A short description on various different outlier detection methods for times-series data and their implementations.
Z-Score Outlier Detection
One of the simplest way to automate outlier identification for machine learning is to implement a z-score confidence band approach.
Assuming you start with a series of annual prices p1, … , pn, we take the difference to get annual returns r1, … , rn-1. We compute the mean and the standard deviation of the returns.
μ = (∑n rn)/n and σ = sqrt(∑n (rn– μ)2/n)
To identify outliers, establish the confidence intervals on the returns and with a flexible range. Set a threshold value that controls the confidence intervals, call it z for z-score. Now you can identify outliers anytime they are outside the upper and lower bounds on these confidence intervals, i.e.,
rn > μ + z*σ or rn < μ – z*σ
Adjusting the z-score gives you a scaling band to use for identifying returns which are on the extreme values of the your distribution. Plotting this you can visualize which points were identified.
![](https://static.wixstatic.com/media/8255e9_56b5972c0b2a455ab8f1004d19a78b53~mv2.png/v1/fill/w_706,h_226,al_c,q_85,enc_auto/8255e9_56b5972c0b2a455ab8f1004d19a78b53~mv2.png)

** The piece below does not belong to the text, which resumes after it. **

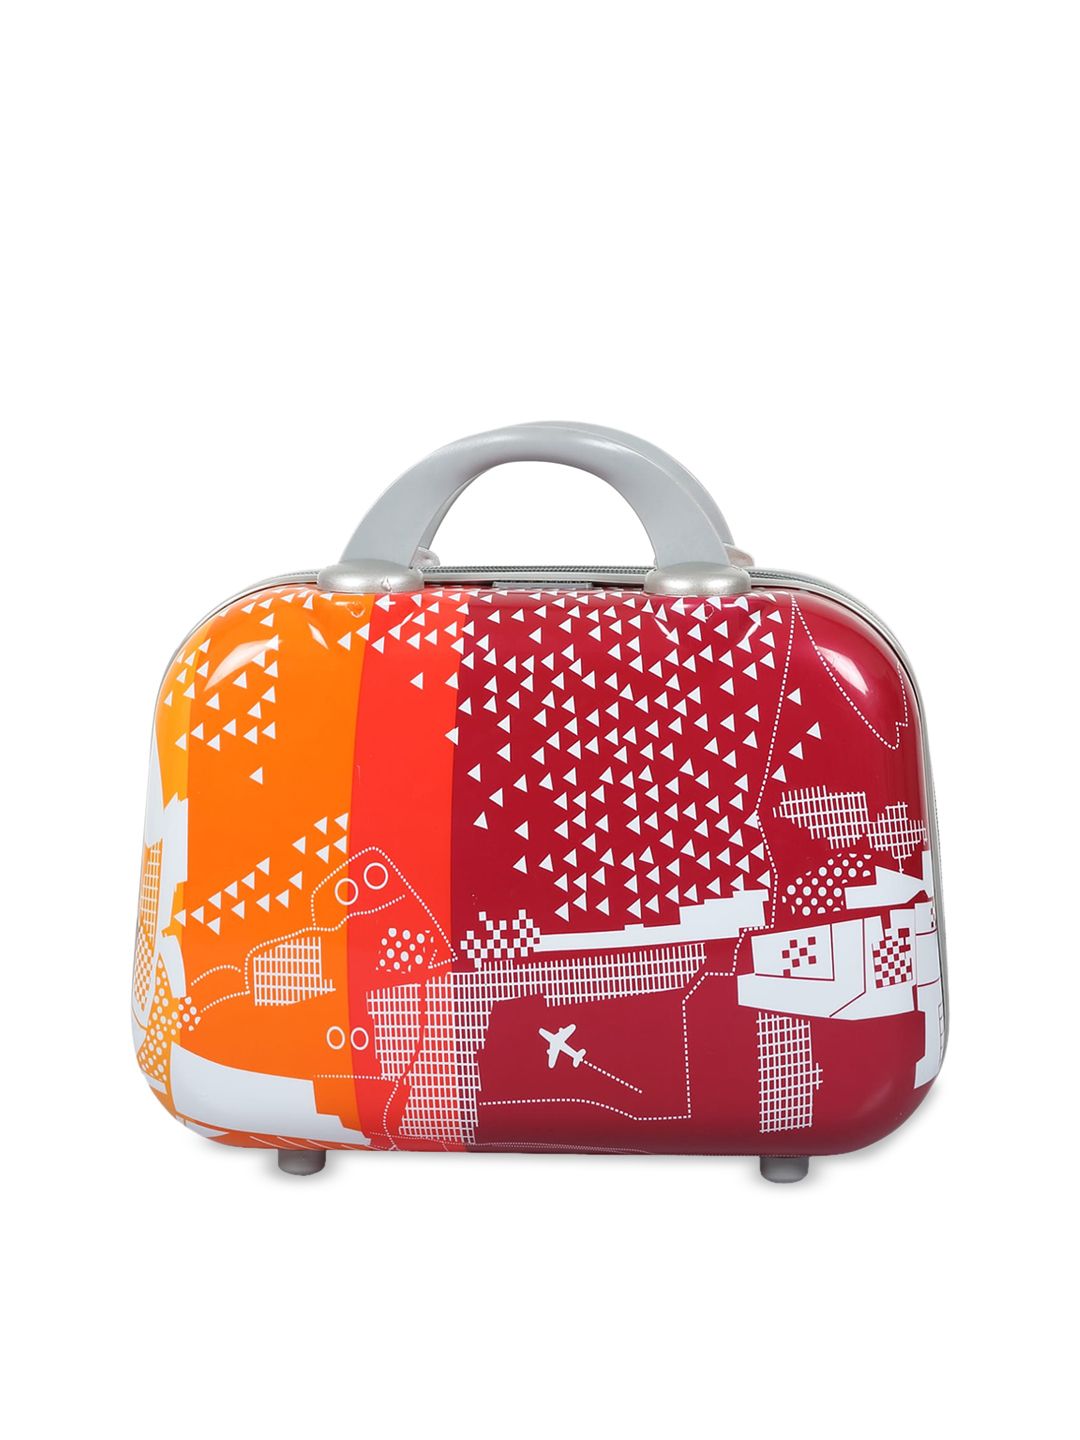 Polo Class Travel Big Vanity Bag - BB-2150-Red Price in India

The following guide can be used to establish the z-score values based on the probabilities of the events you want to capture. This assumes a normal distribution, but stock return distributions are usually leptokurtic having more kurtosis or “fatty tails”, so using higher z-score values are recommended.
![](https://static.wixstatic.com/media/8255e9_16bba401273d4f8bbd9561ea6917c8bb~mv2.png/v1/fill/w_739,h_437,al_c,q_85,enc_auto/8255e9_16bba401273d4f8bbd9561ea6917c8bb~mv2.png)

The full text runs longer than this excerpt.